Dans leur pétition, qui a déjà recueilli 19 000 signatures, les “Vulnérables sacrifiés” demandent au gouvernement le report de la date de fin de validité des certificats d’isolement, au moins jusqu’à fin 2020. “Ce décret doit être abrogé, ou simplement modifié pour que les pathologies sur liste avant le 30 août le redeviennent, et que les conjoints puissent bénéficier de l’activité partielle, ou puissent rester en télétravail si ils le peuvent”, indique Jessica Scemama.
Pour justifier sa décision, le gouvernement invoque le risque de “désinsertion professionnelle” pouvant “s’avérer élevé” après plusieurs mois sans activité professionnelle. “Pour une personne vulnérable, entre être réinsérée et mourir, ou entre l’argent et la santé, le choix est vite fait”, note Jessica Scemama.
En réaction, le ministère du Travail explique que le télétravail reste “à privilégier”. Et que lorsque ce système n’est pas possible, “le travail présentiel doit être assorti de mesures de protection complémentaires dans des conditions de sécurité renforcée”. À savoir la mise à disposition d’un masque chirurgical par l’employeur, et “l’aménagement du poste de travail” (bureau individuel dédié, ou écrans de protection en open-space). Ces mesures permettant de protéger suffisamment les personnes vulnérables ou leurs proches du Covid-19.
“S’il y a un risque, l’accès à l’activité partielle reste possible”
“Les premiers décrets qui ont ouvert les arrêts de travail ont été pris très tôt, quand nous avions une connaissance très faible du virus. Aujourd’hui, nous avons pris du recul par rapport aux pathologies.

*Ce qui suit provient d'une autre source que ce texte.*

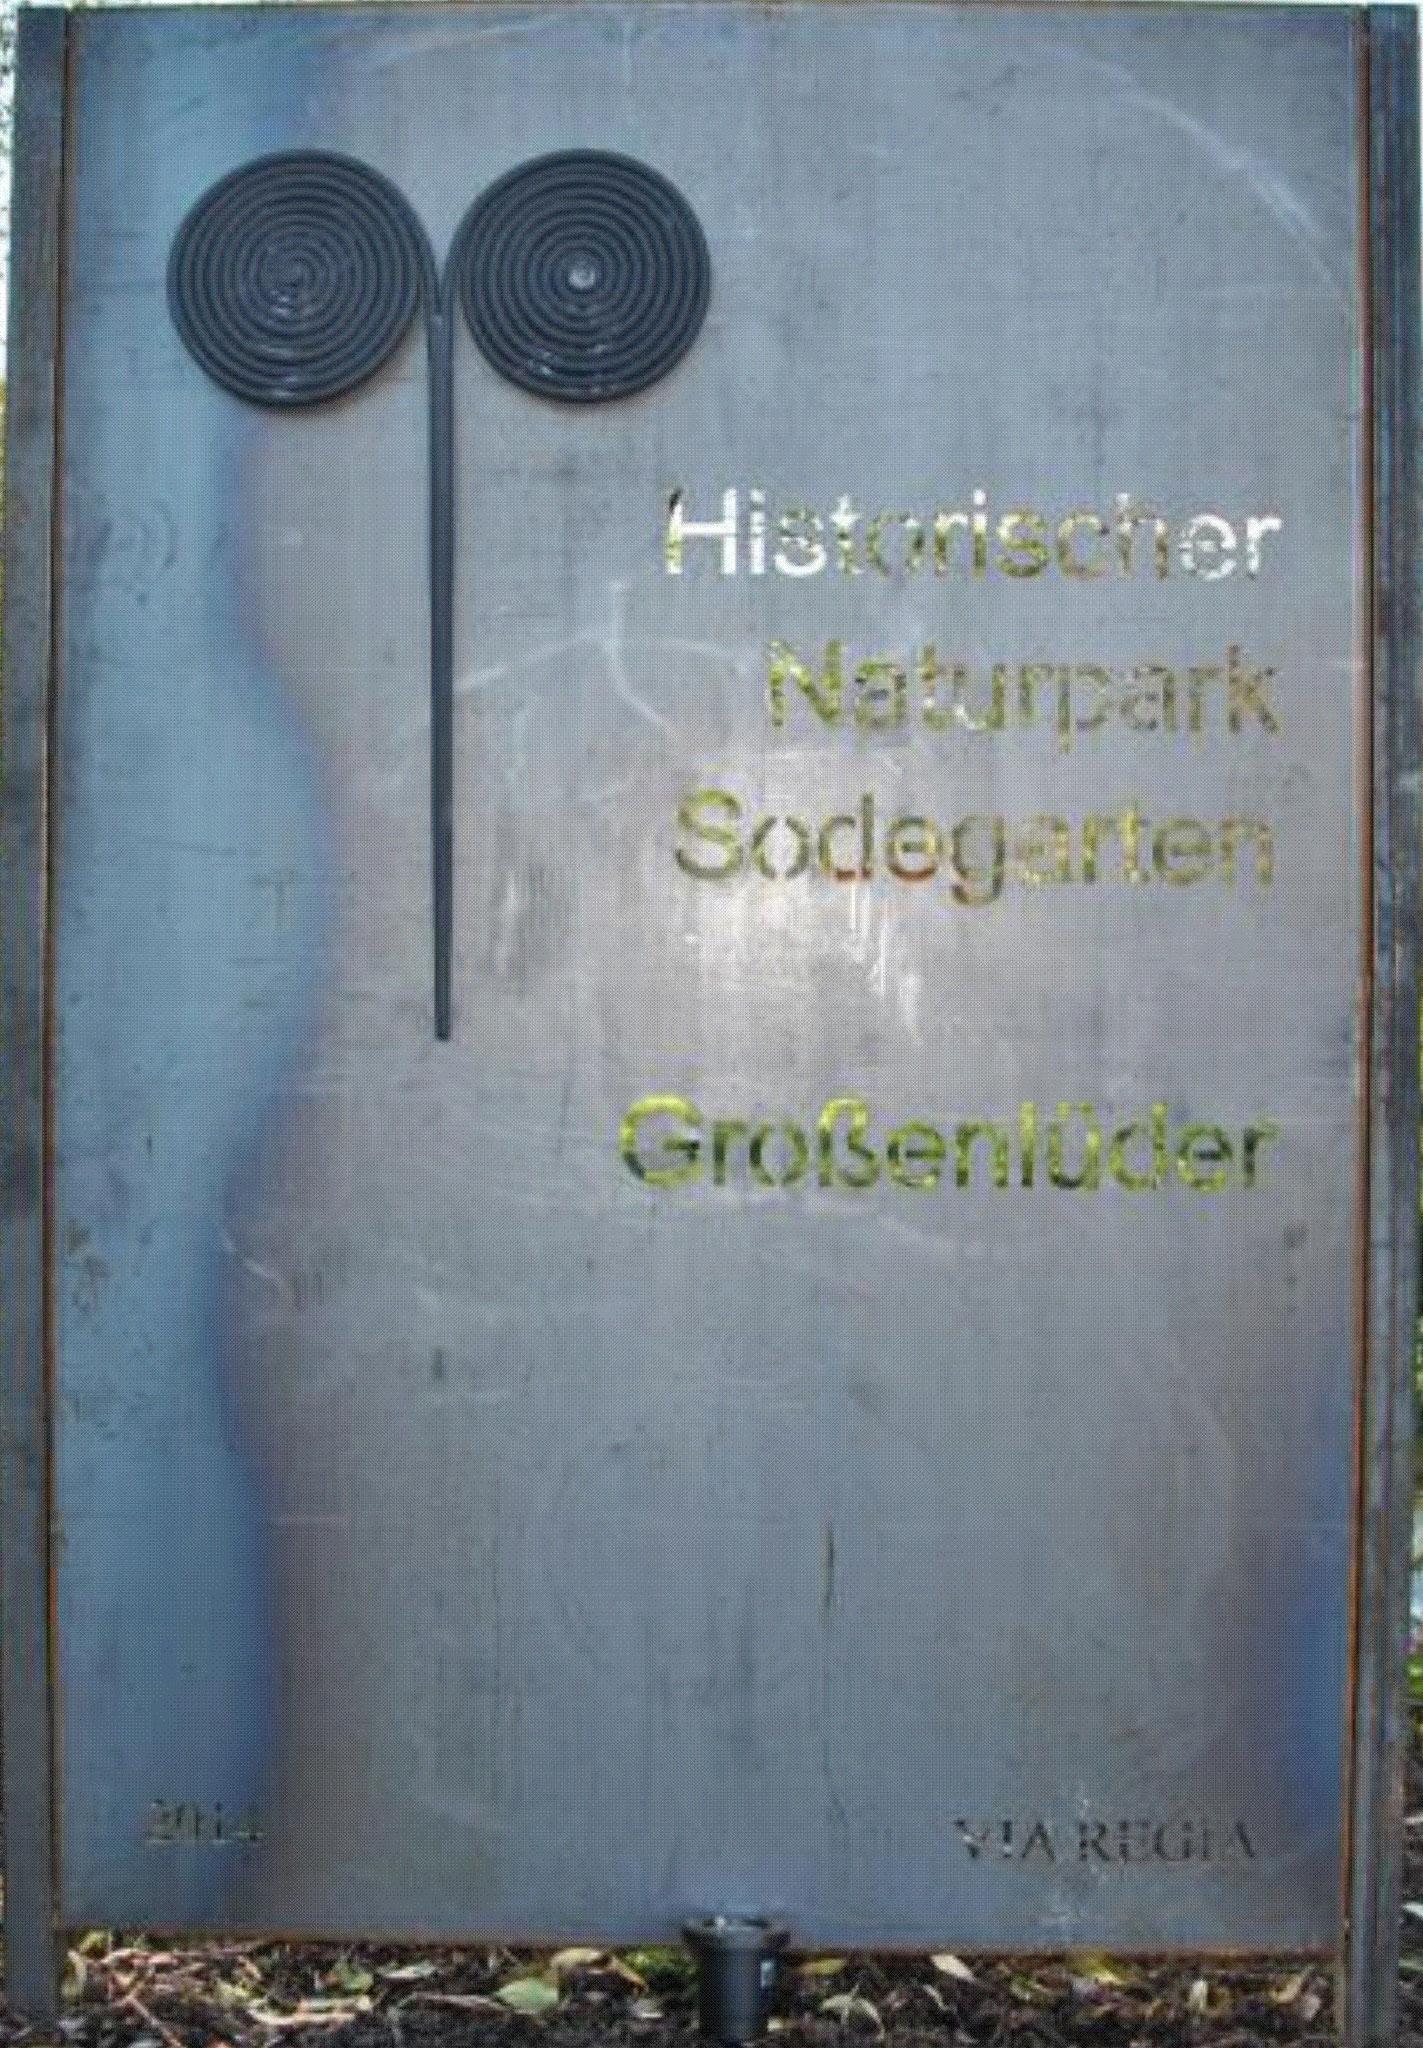 https://www.grossenlueder.de/seite/365519/historischer-naturpark-sodegarten.html

De nombreuses études nous ont appris que les personnes qui ont une maladie stabilisée risquent moins de contacter une forme sévère du Covid-19”, ajoute de son côté le ministère de la Santé.

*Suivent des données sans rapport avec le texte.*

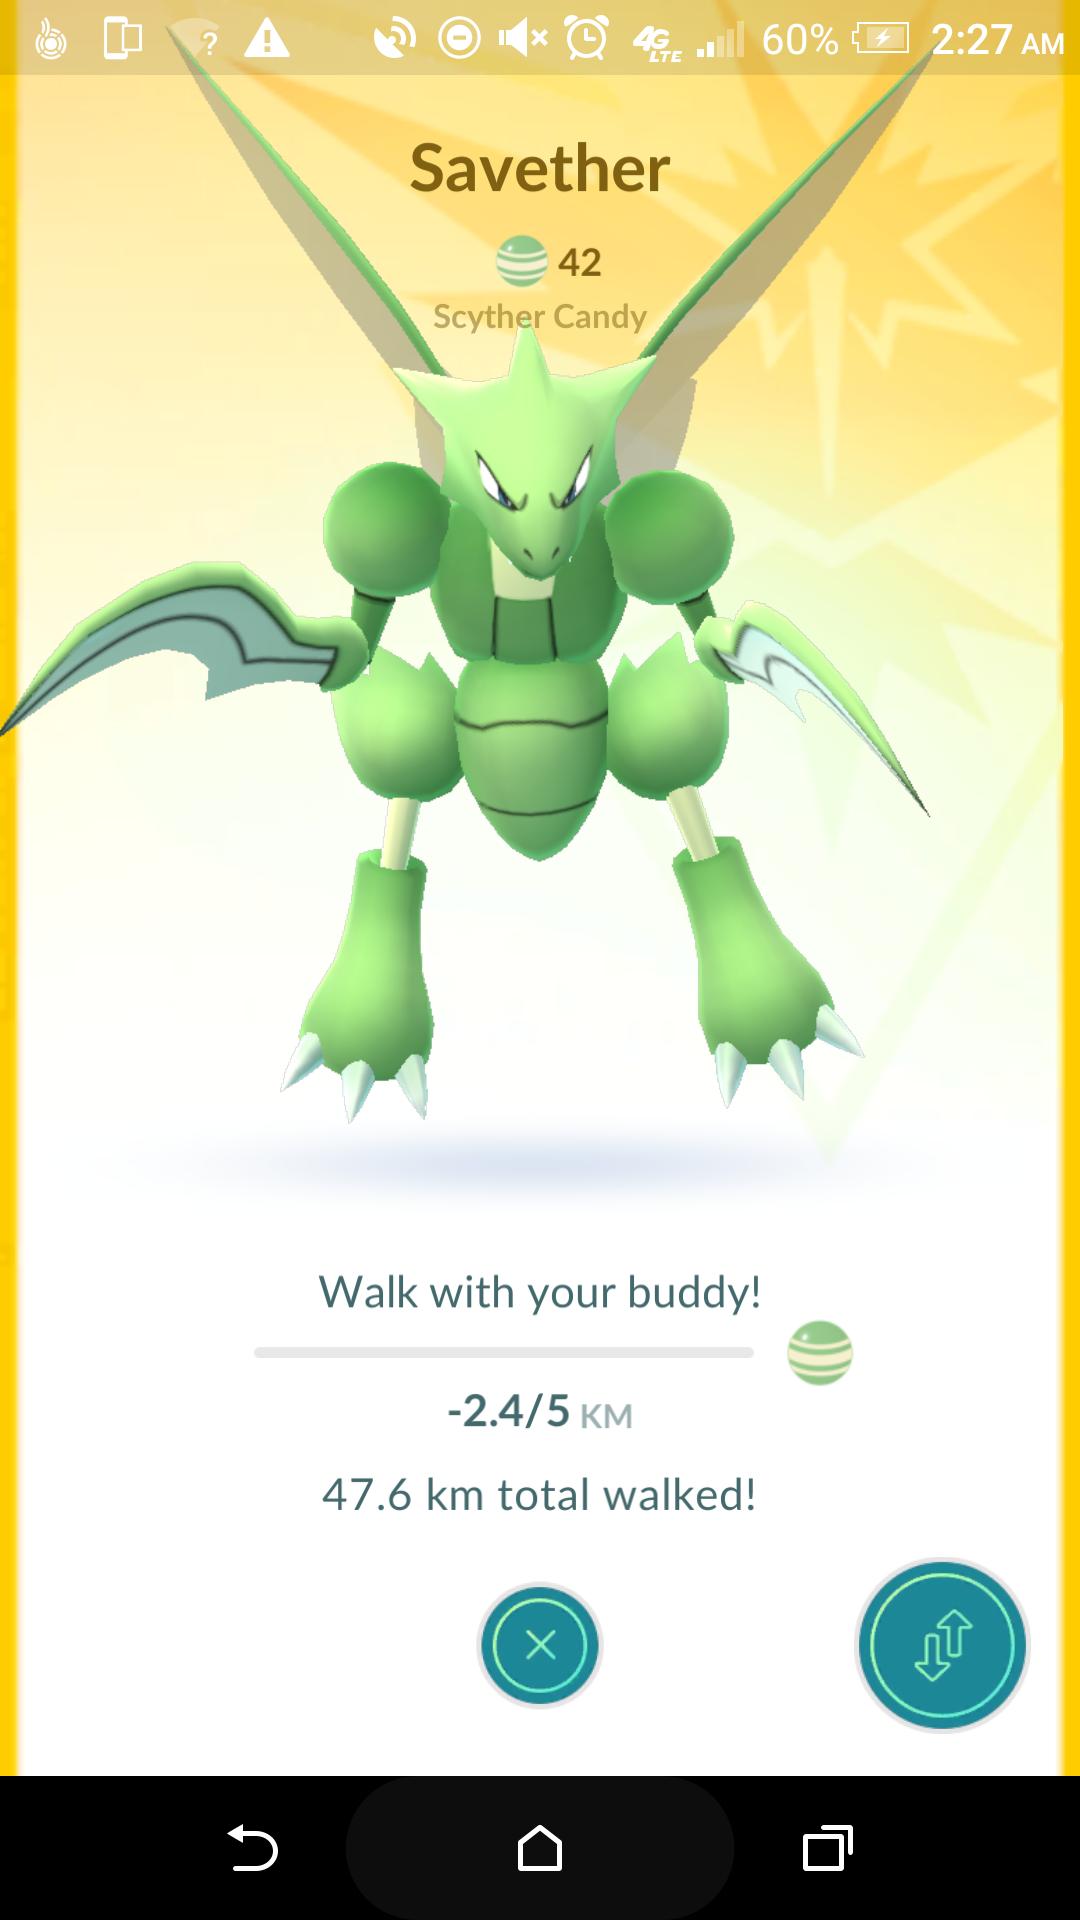 [Bug]My scyther buddy is getting negative walking distance.

Il précise avoir “laissé la possibilité aux personnes qui ne sont plus dans la liste d’obtenir, sur avis médical, un certificat portant la mention vulnérable”, et que “si l’état de santé d’un patient fait dire au médecin qu’il y a un risque, alors cette personne pourra avoir accès à l’activité partielle”.
En outre, conclut un porte-parole, “le médecin demeure compétent pour évaluer si l’état de santé de la personne est compatible avec la poursuite de son activité professionnelle”. Ainsi, s’il l’estime nécessaire, “il peut prescrire un arrêt de travail”.
(*) Prénom modifié pour préserver l’anonymat de la personne citée.